Pyrefly catches shape errors through function signatures and return types
regardless.
assert_type forces evaluation of its type argument at runtime, so a file
with assert_type calls will crash if executed. This is fine during
development (you run pyrefly check, not the file itself) — just remove
them when the port is done.
When to use
- During porting, after key shape-changing operations (reshapes, convolutions, matmuls)
- As regression guards for complex shape computations
In practice, pyrefly shows inferred shapes as inlay type hints in your
editor, so you can verify shapes visually. Use assert_type at key
checkpoints where you want a permanent regression guard.
reveal_type
reveal_type(expr) prints the inferred type of expr during type checking.
Use it to understand what pyrefly infers before writing assert_type:
h = self.fc1(x)
reveal_type(h) # Revealed type: Tensor[B, 512]
Replace reveal_type with assert_type once you know the expected type.
Type-level arithmetic
Annotations can contain arithmetic on type parameters and literals:
| Expression | Example |
|---|---|
| Addition | Tensor[B, C1 + C2, H, W] — concatenation |
| Subtraction | Tensor[B, T, D - 1] |
| Multiplication | Tensor[B, NHead * DK] — multi-head reshape |
| Floor division | Tensor[B, NHead, T, D // NHead] |
| Exponentiation | Tensor[B, C * 2 ** I, H // 2 ** I] |
Simplification rules
The type checker automatically simplifies expressions:
2 * C // 2→C(H - 1) * 2 + 2→H * 2(a * b) // b→a(sound for all positive integers)
Known limitations
N * (X // N) does not simplify to X — floor division loses the
remainder, so the equivalence only holds when X is divisible by N.

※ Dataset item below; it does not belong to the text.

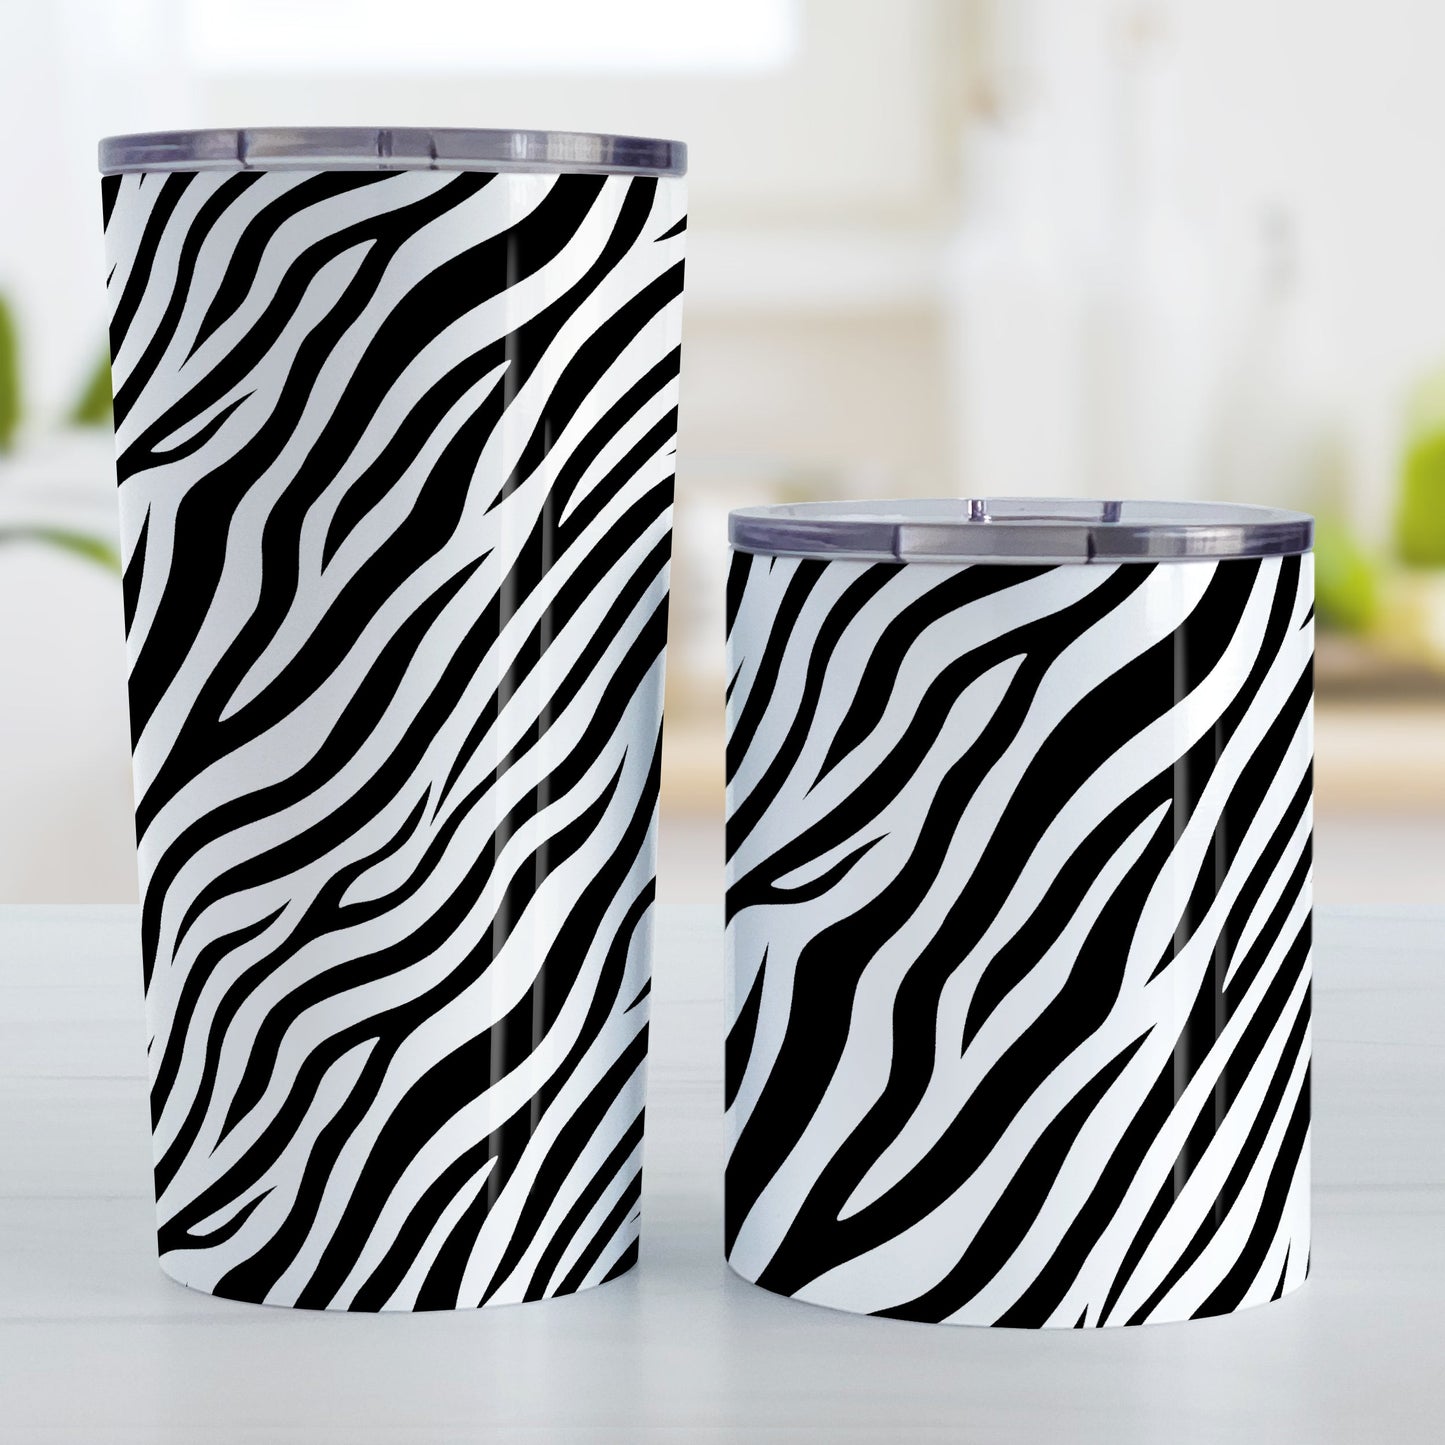 Zebra Print Pattern Tumbler Cup (20oz and 10oz, stainless steel insulated) at Amy's Coffee Mugs

The checker can't assume this. Common instances:
- Multi-head reassembly:
NHead * (D // NHead)— usetype: ignore - BiLSTM output:
2 * (D // 2)— usetype: ignore
Annotation hierarchy
When annotating local variables, choose from most to least desirable:
assert_type— verifies the checker's inference. Proves the system works, not just that you annotated correctly.- Annotation fallback —
x: Tensor[B, C, H, W] = untracked_op(...). The checker can't infer the shape, but the annotation is compatible. Document WHY. type: ignore— the checker produces a WRONG type (algebraic gap). Last resort. Always include a comment explaining the specific gap.- Bare
Tensor— shape genuinely unknowable (data-dependent token counts, conditional accumulation). Document the specific reason.
Jaxtyping compatibility
Pyrefly supports jaxtyping annotations as an alternative front-end:
| Pyrefly native | Jaxtyping equivalent |
|---|---|
Tensor[M, 2, M // 2] | Shaped[Tensor, "M 2 M//2"] |
Tensor[B, C, H, W] | Shaped[Tensor, "B C H W"] |
Jaxtyping annotations are translated internally to generics and display back in jaxtyping syntax. Note that jaxtyping cannot share symbolic dimensions across class boundaries — see the overview for details.